My Problem: I am trying to take a large .txt document and find and remove duplicate words within the text. However, the .txt document was a novel and it contains strings with periods and commas tagged on to the end of them. I am trying to remove those characters so I just have letters left.
Here is the function I wrote to do this:
string lowercase(string data)
{
string output;
for (int i=0; i<data.length(); i++)
{
if ( data[i] == 'a'||'b'||'c'||'d'||'e'||'f'||'g'||'h'||'i'||'j'||'k'||'l'||'m'||'n'||'o'||'p'||'q'||'r'||'s'||'t'||'u'||'v'||'w'||'x'||'y'||'z'||'A'||'B'||'C'||'D'||'E'||'F'||'G'||'H'||'I'||'J'||'K'||'L'||'M'||'N'||'O'||'P'||'Q'||'R'||'S'||'T'||'U'||'V'||'W'||'X'||'Y'||'Z')
{
output = output + (char) tolower(data[i]);
}
}
return output;
The program builds and runs but the strings such as ( happy.) still output "happy." It is as if the if statement never even does the comparison. I'm hoping that I am jsut missing something small. Thanks a lot!
Instead of using all that data[i] information, you could use half that information just by taking and using the function tolower(), and where () is, use a variable to hold the letters your grabbing. so something like tolower(letter)

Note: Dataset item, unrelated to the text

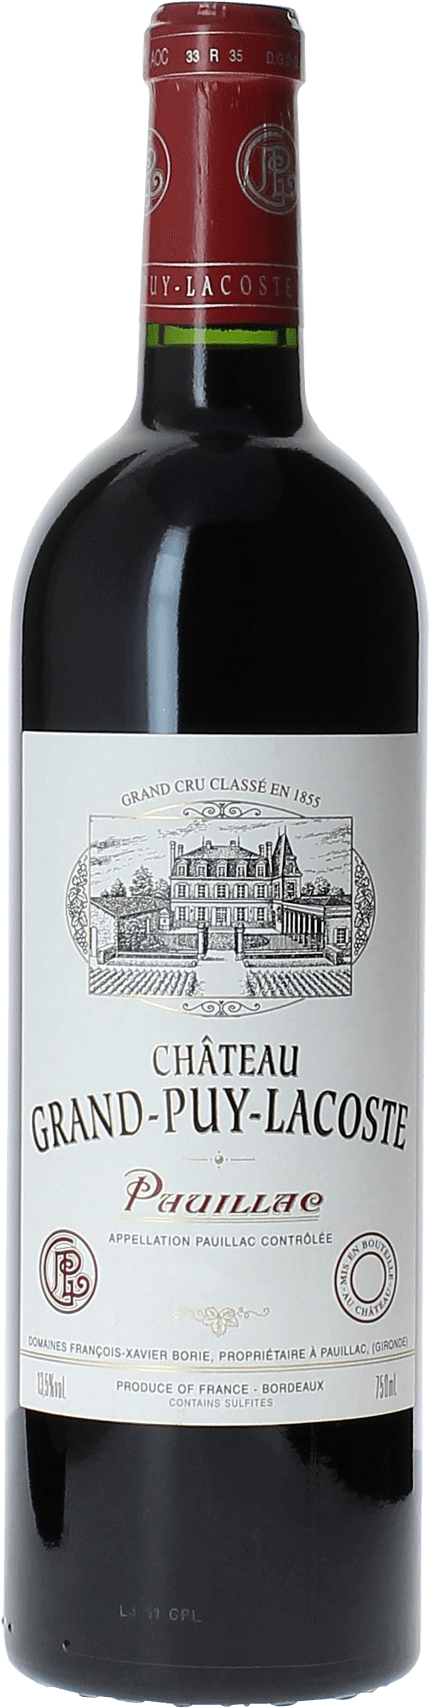 Grand puy lacoste 1995 (5 ème Grand cru classé Pauillac, vin rouge) en achat et vente, achetez vos crus et champagnes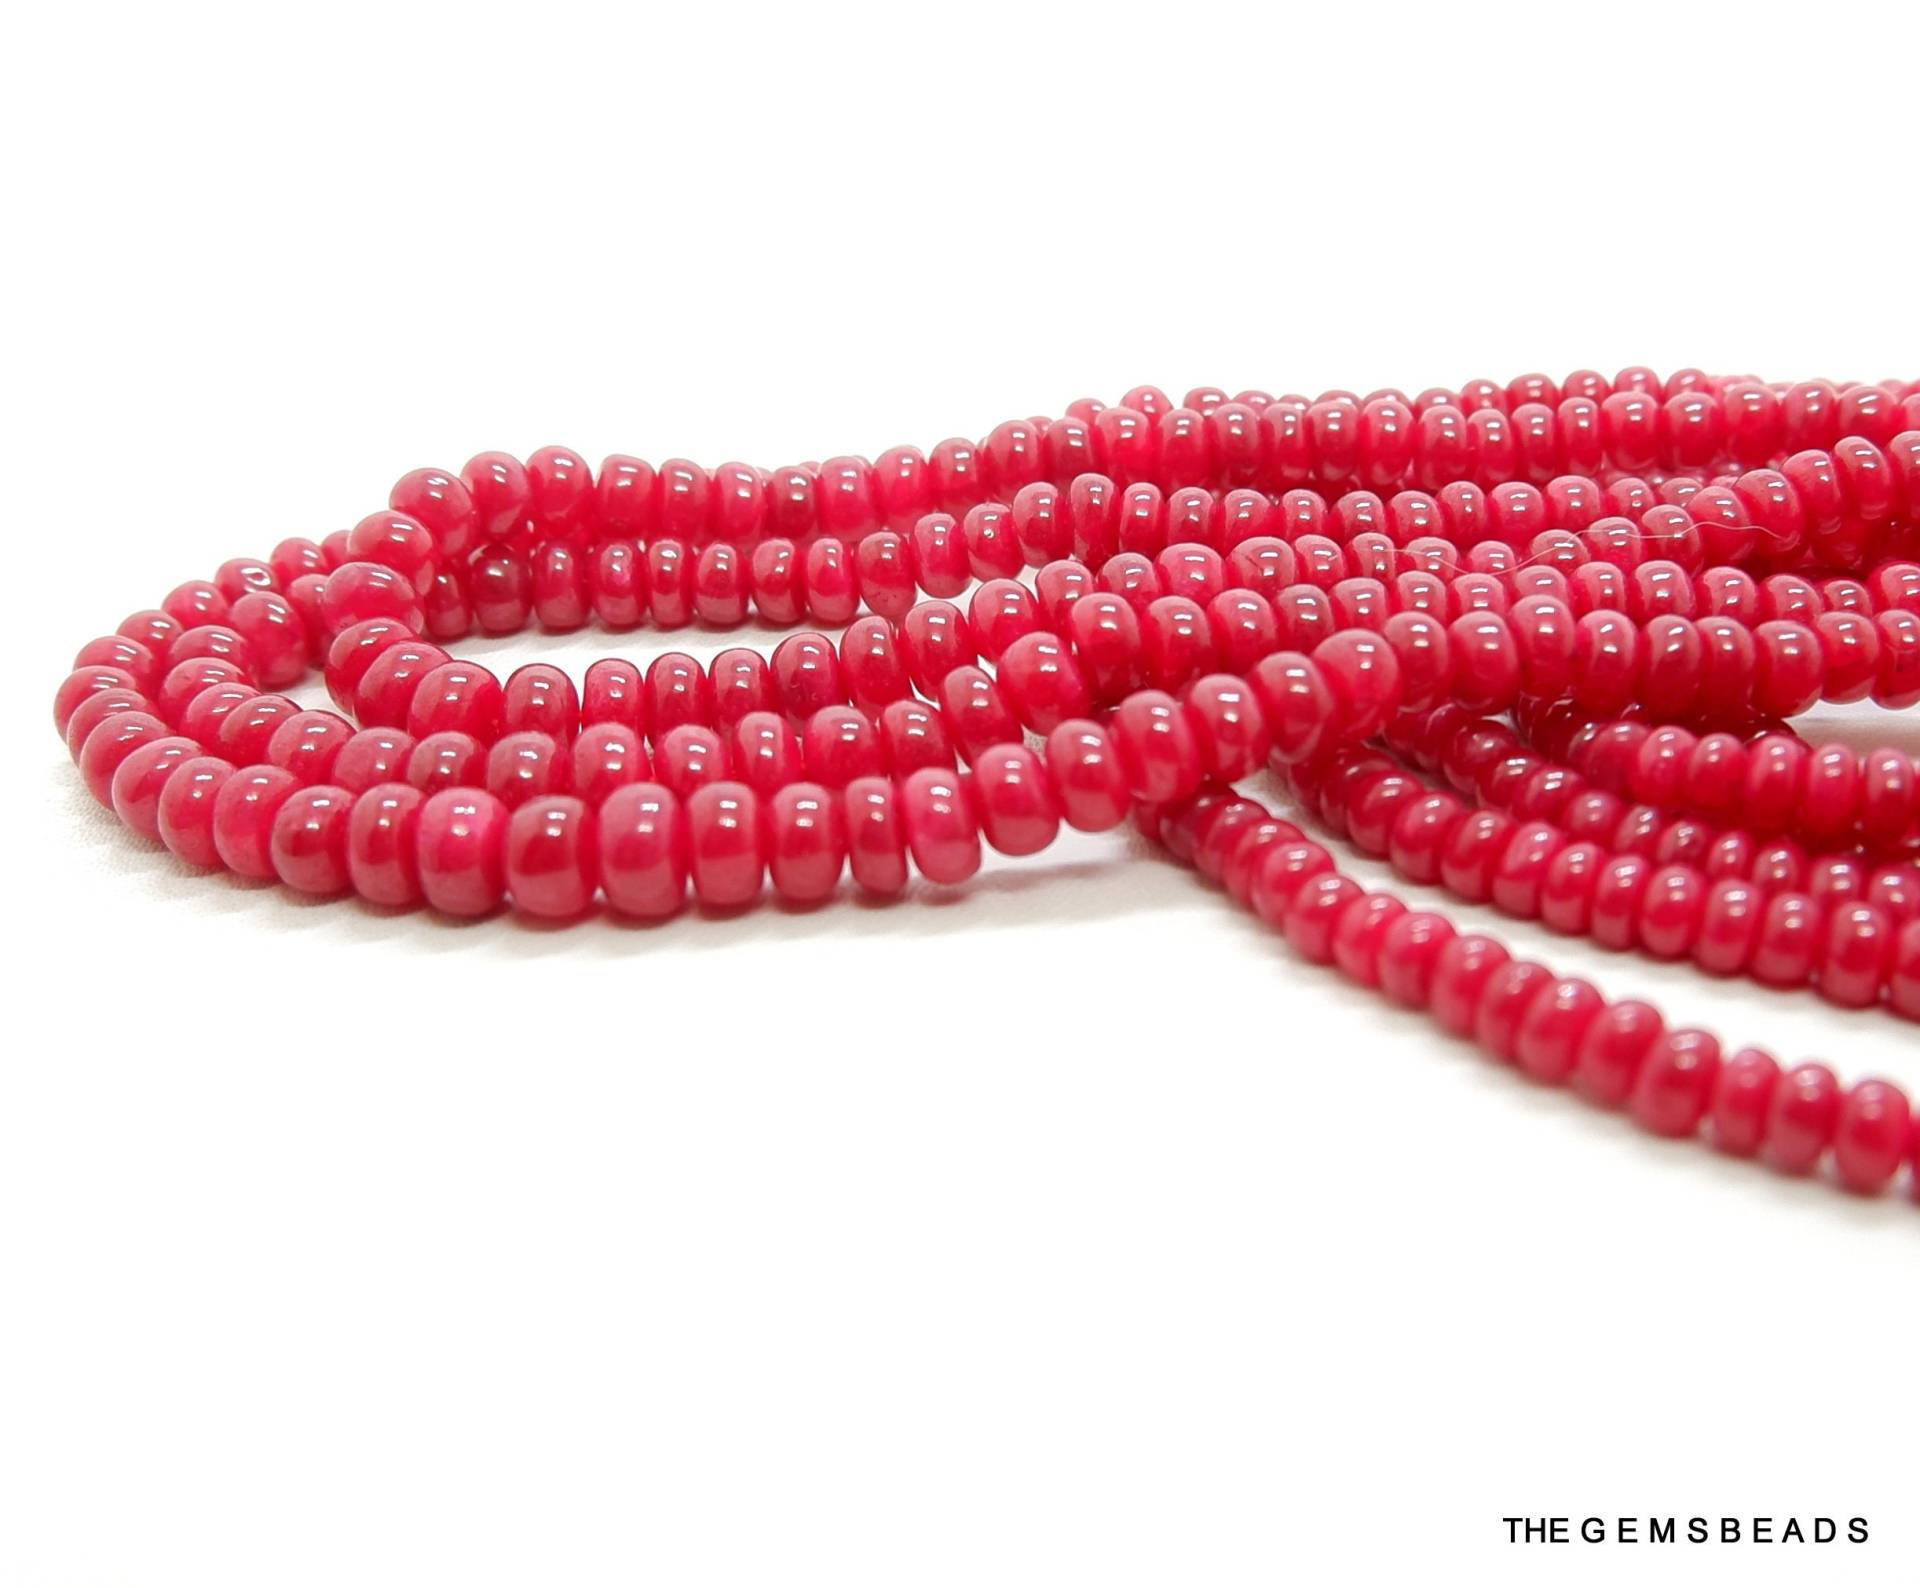 3 Strang Natürliche Mozambique Ruby Perlen Halskette, Feinste Natürliche Rubin Perlen, Bis 5 Mm 45 cm Länge, Erhalten Sie 70% Auf Brautschmuck von THEGEMSBEADS

if you were wondering, the problem was that you can't compare that way. all the letters are integers greater than one, so it's like says if (data[i] == 'a' || true...) which is always true. you would have to do if (data[i] == 'a' || data[i] == 'b' ...) or if ((data[i] >= 'a' && data[i] <= 'z') || (data[i] >= 'A' && data[i] <= 'Z'))
but you'll be left with letters without spaces or anything distinguishing the words.